In view of the terrorist threat to Lebanon, whose majority population is Shiite, Iran sees a need to protect its own interests there, as well as in neighboring Syria to protect the Shiite-Alawite government of Assad.

The Islamic State already has taken over the eastern part of Syria, erasing the political demarcation line with Iraq through the establishment of a Sunni caliphate with its extreme Sunni Wahhabi interpretation of Islam.

Fathali’s offer comes as Iraq, led by the Shiite Prime Minister Nouri al-Maliki, has been engaged in serious fighting with the Islamic State, which has overrun the Sunni portions of the western and central portions of Iraq and now is threatening to attack Iraq’s capital, Baghdad.

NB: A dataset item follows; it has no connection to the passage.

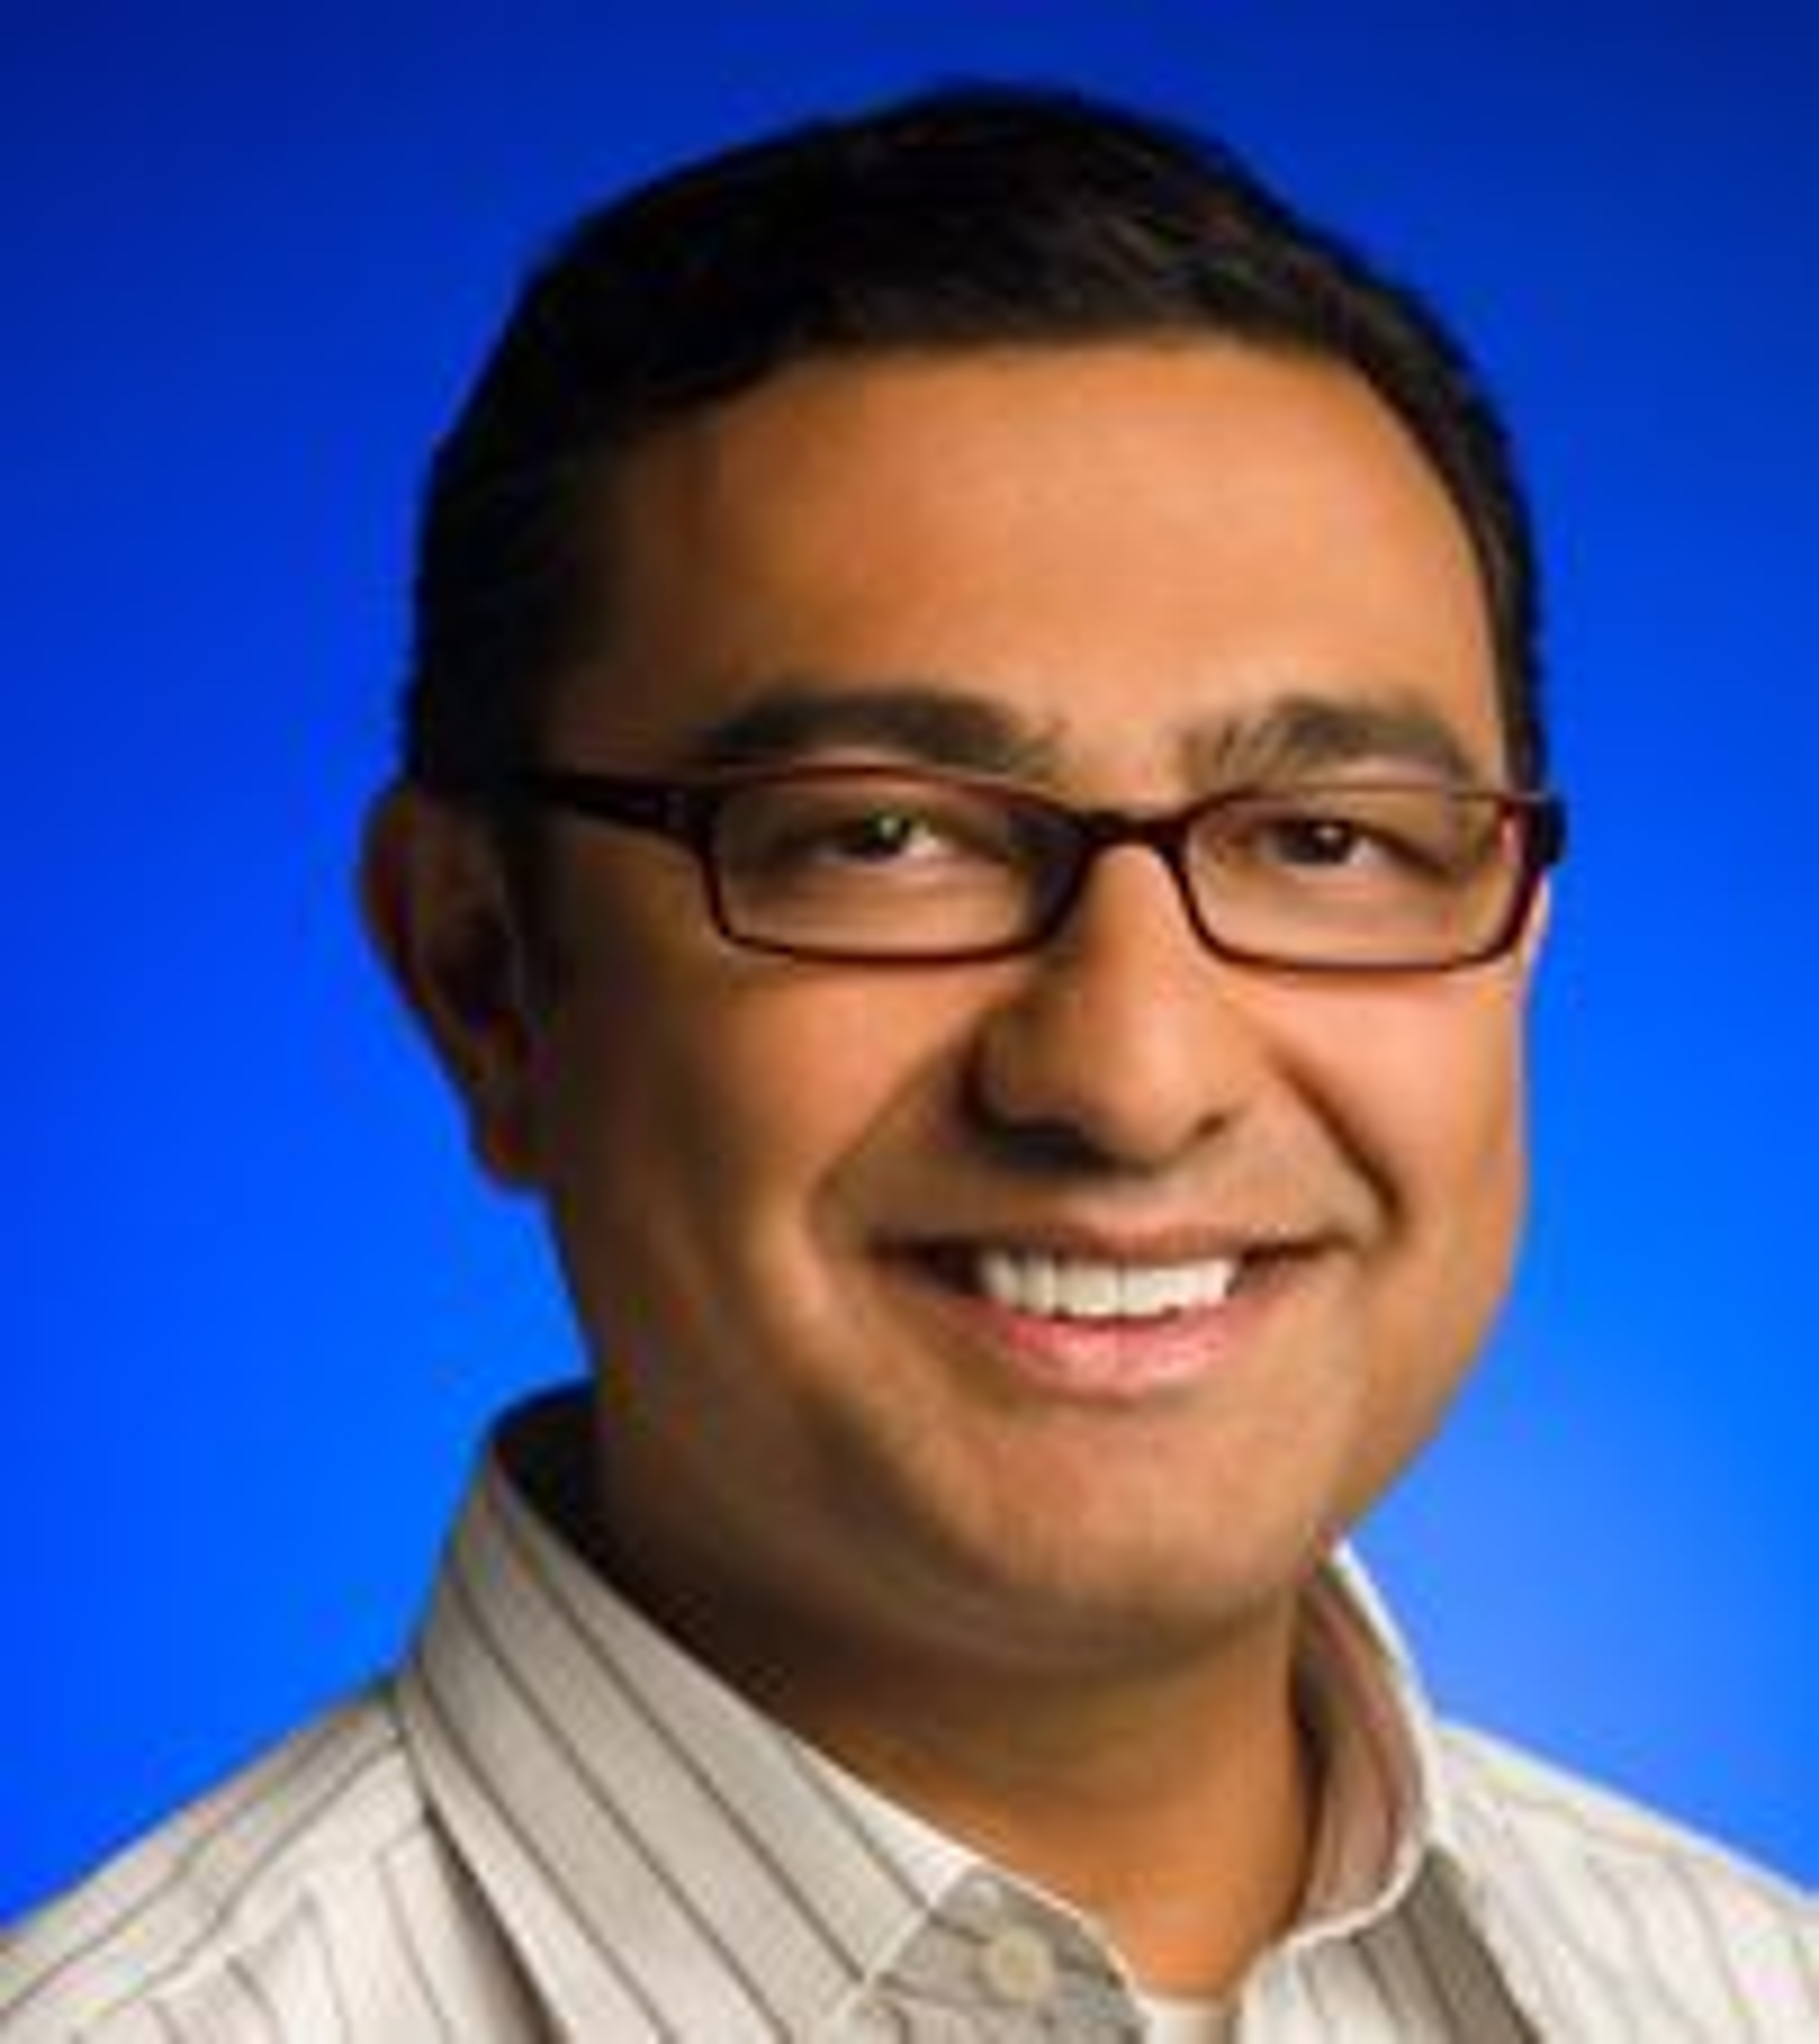 Vic Gundotra er visepresident for teknologi og sosiale tjenester i Google.
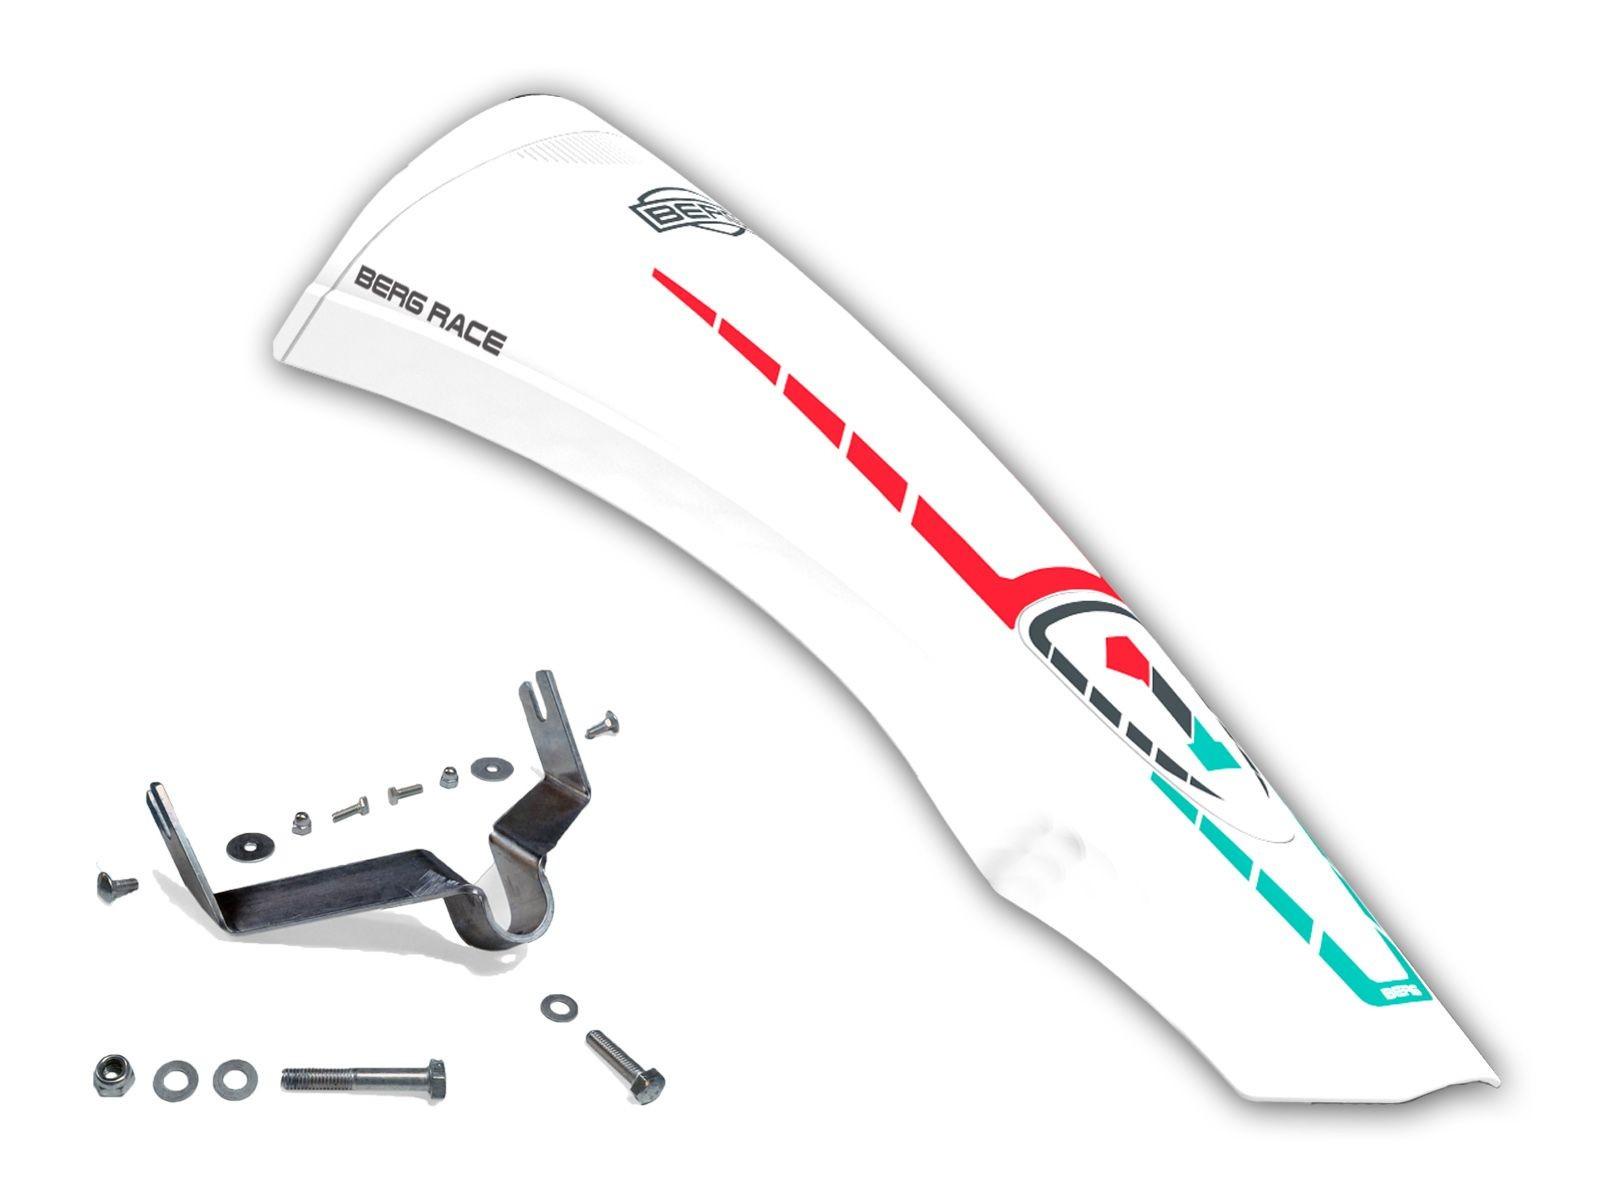 XL Frame - Spoiler Race

Baghdad is just inside the Shiite portion of the southern half of the country. While Shiites form a majority of the population in Iraq, Sunni Muslims and Sunni Kurds are also in the northern part of the country.

Maliki is seeking to hold his government together but has turned down outside advice to make it more inclusive by bringing in more Sunnis and Kurds.

For their part, the Kurds appear to have given up on any further representation in the Maliki government and have decided to take the lands they occupy in the north, including the oil-rich region around Kirkuk, and establish a de facto Kurdistan.

If the Iraqi Kurds can unite with the Kurds in the northern part of Syria and get the southern part of Turkey, where Kurds are a majority of the population, they can claim the lands as part of Kurdistan, all of which are in oil-rich regions of the three countries.